It looks pretty good from the paper, and I'd definitely give StringTie a shot, but I've not tested the software yet. However, if you're looking to try out a new tool, I'd also take a look at the Bayesembler (http://genomebiology.com/2014/15/10/501). It seems to have a very nice and principled probabilistic model that it uses to jointly infer what transcripts are present and quantify their abundance.

Bayesembler is nice, and also works with large quantities of data rapidly.

I haven't successfully tried Stringtie yet, think an older version aborted with errors.

Hi folks,
Sorry for bumping an old thread but I am facing this weird output from StringTie and thought you could spot the issue.
I am running StringTie on STAR returned BAM files (I have used the option to insert XS tag in SAM/BAM fields)

I have now run StringTie on 6 samples and in each I have the same scenario -
FPKM value as "inf" or "-nan"

StringTie returns a GTF file and this an example of the 9th col for one transcript -
About 98% of the transcripts have FPKM as "inf" and rest fraction as "-nan"

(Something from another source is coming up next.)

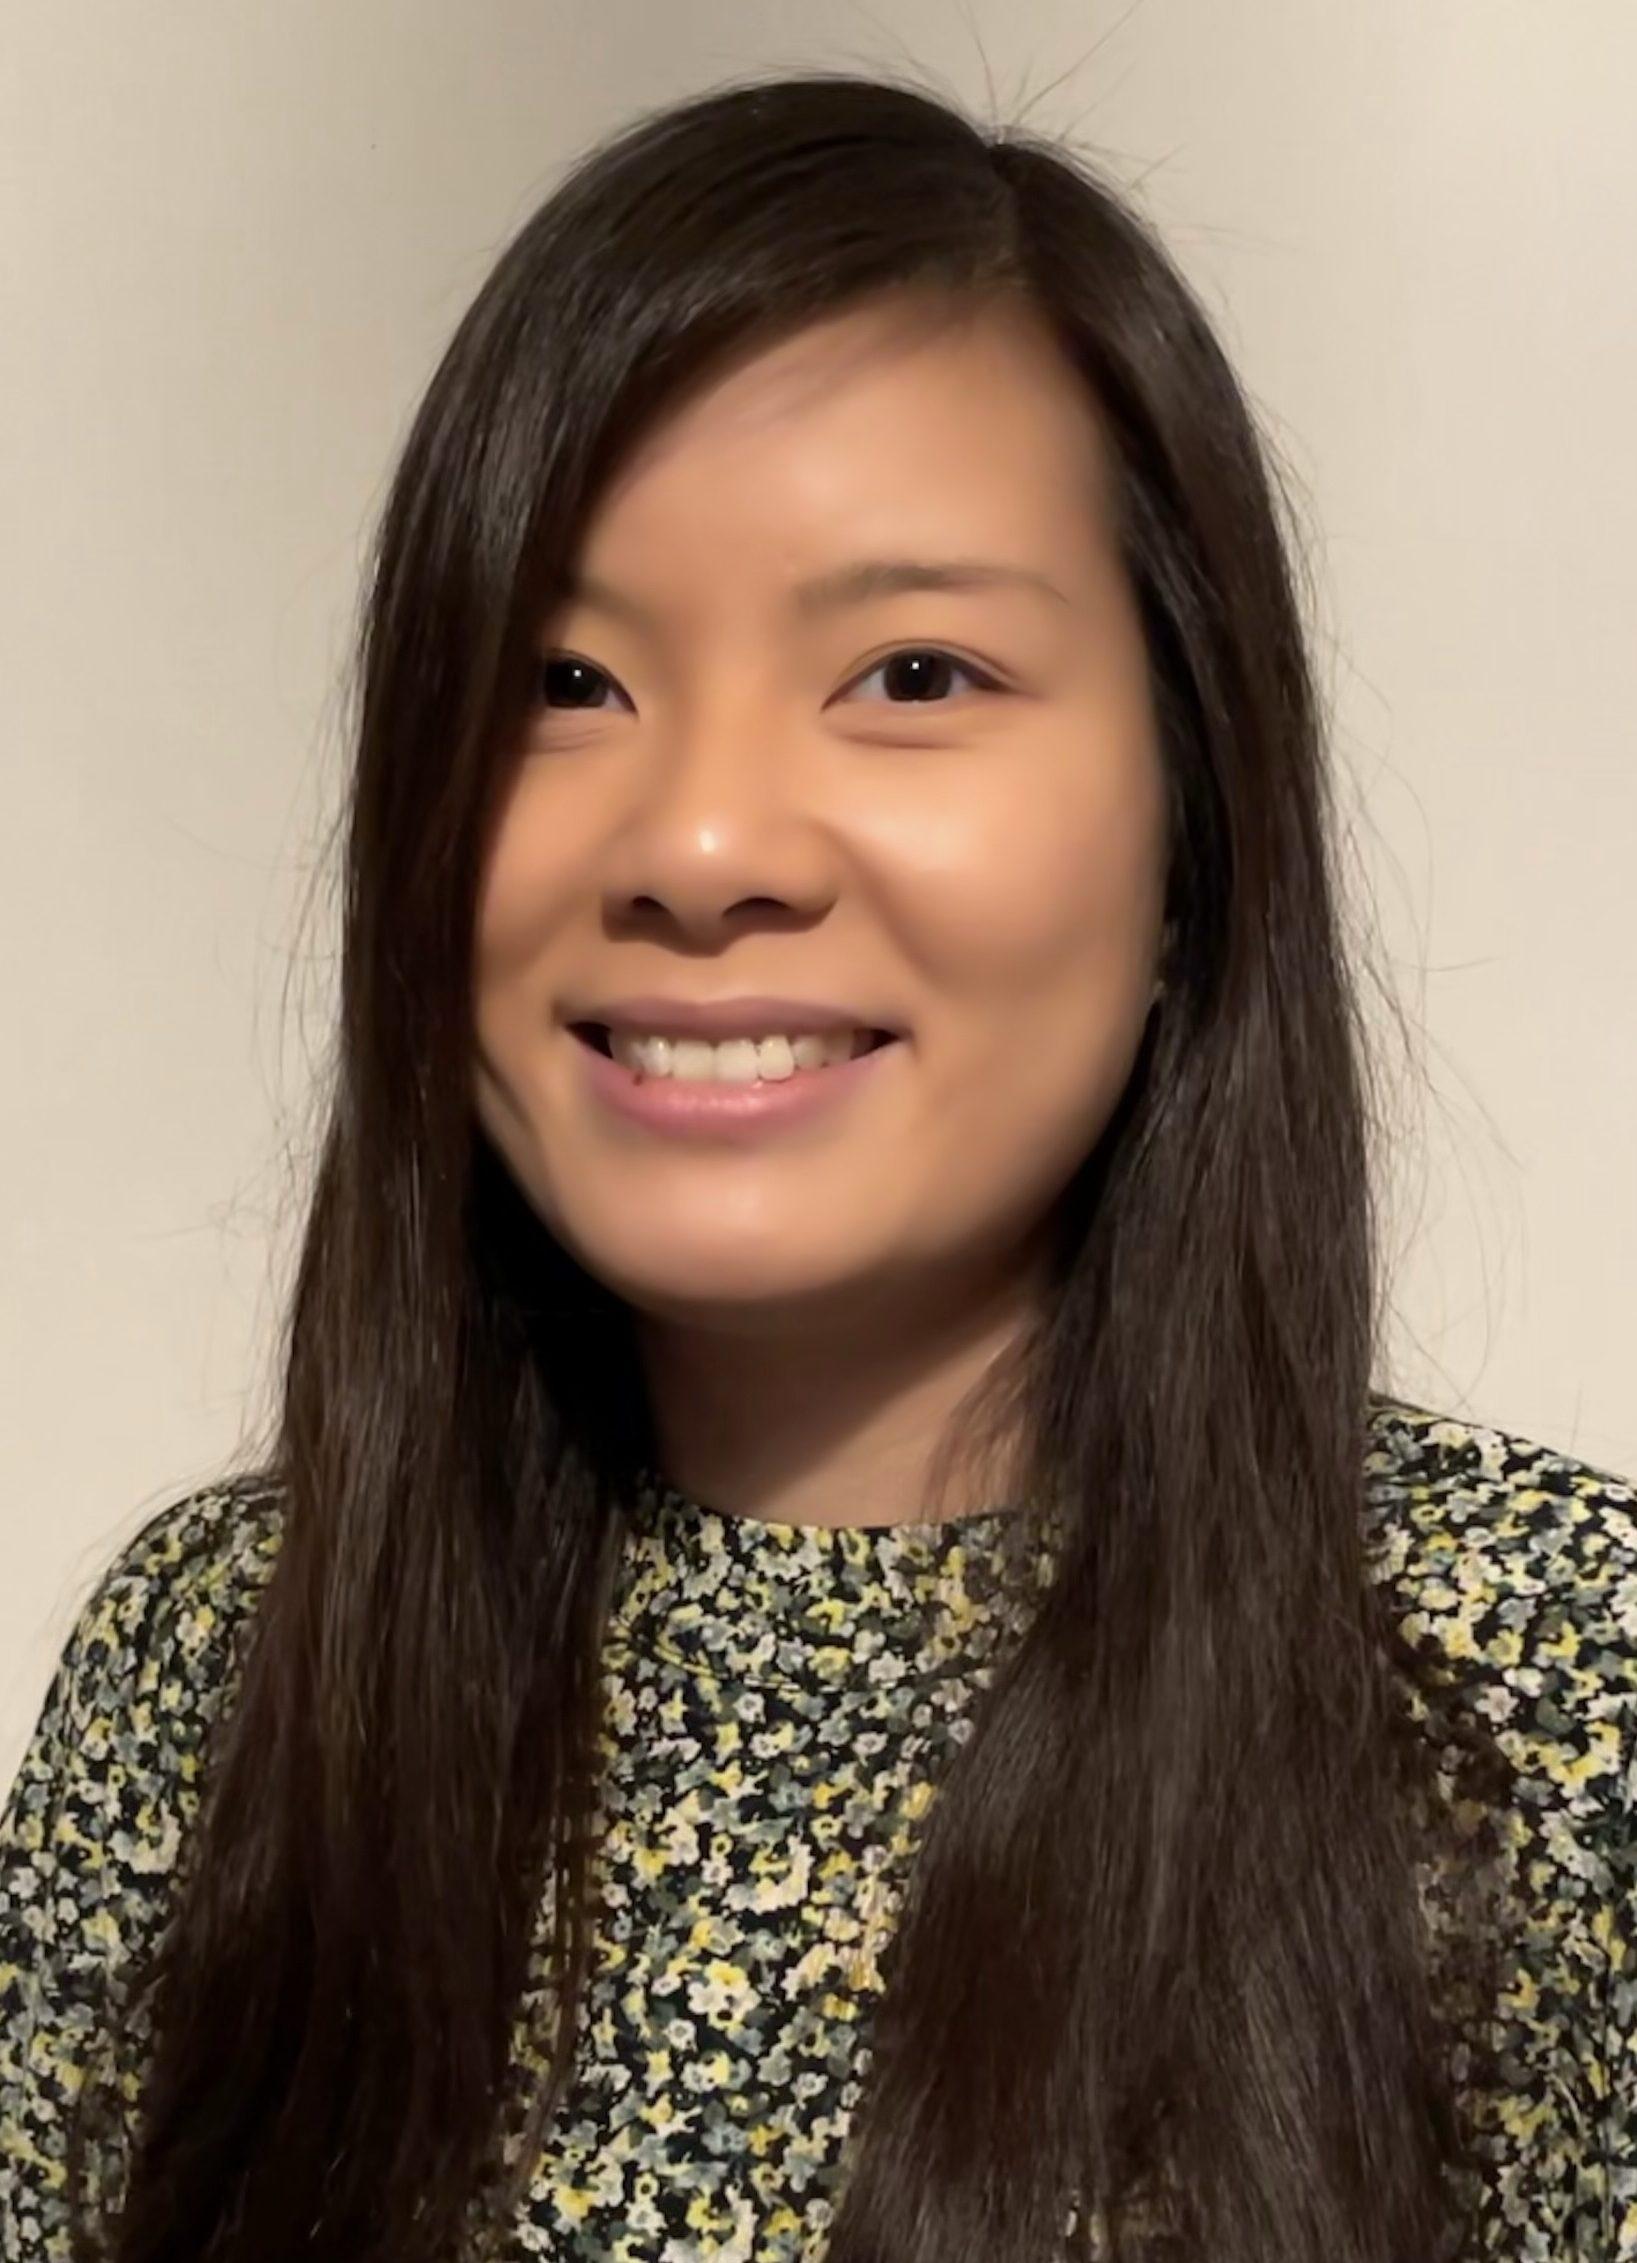 Pui Yuen Lee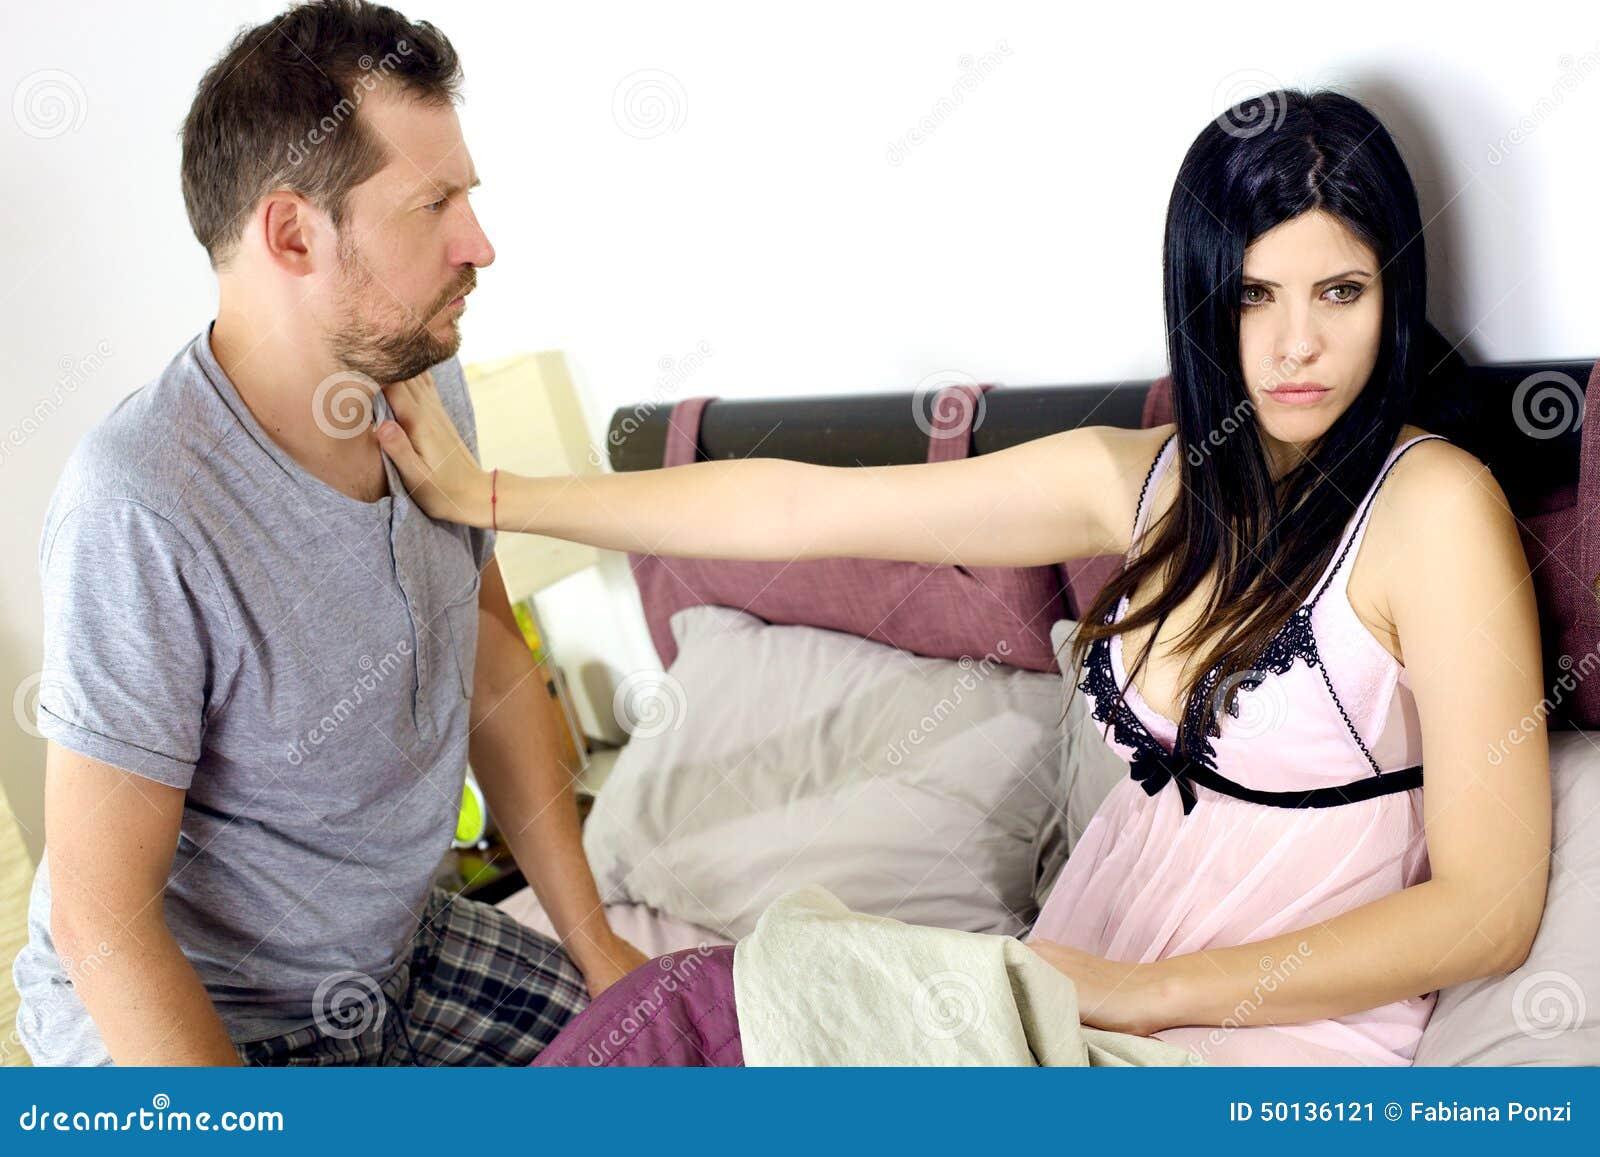 Mature horny woman seducing young boys

This is the cmd I am using

I have checked the STAR BAM files and they seem ok: >85% reads with unique alignment.

Any hunches? I am sure I am doing something stupid but can't figure out what.

Also to add, for the same BAM (STAR returned) on which Cufflinks successfully returned FPKM values, StringTie is giving me "Inf" and "-nan"
:-(

hi everyone,
I figured out the stupidity and that was -not reading the manual properly :-(

The Manual page says -


So STAR out BAM files have the HI tag starting from 1 and hence.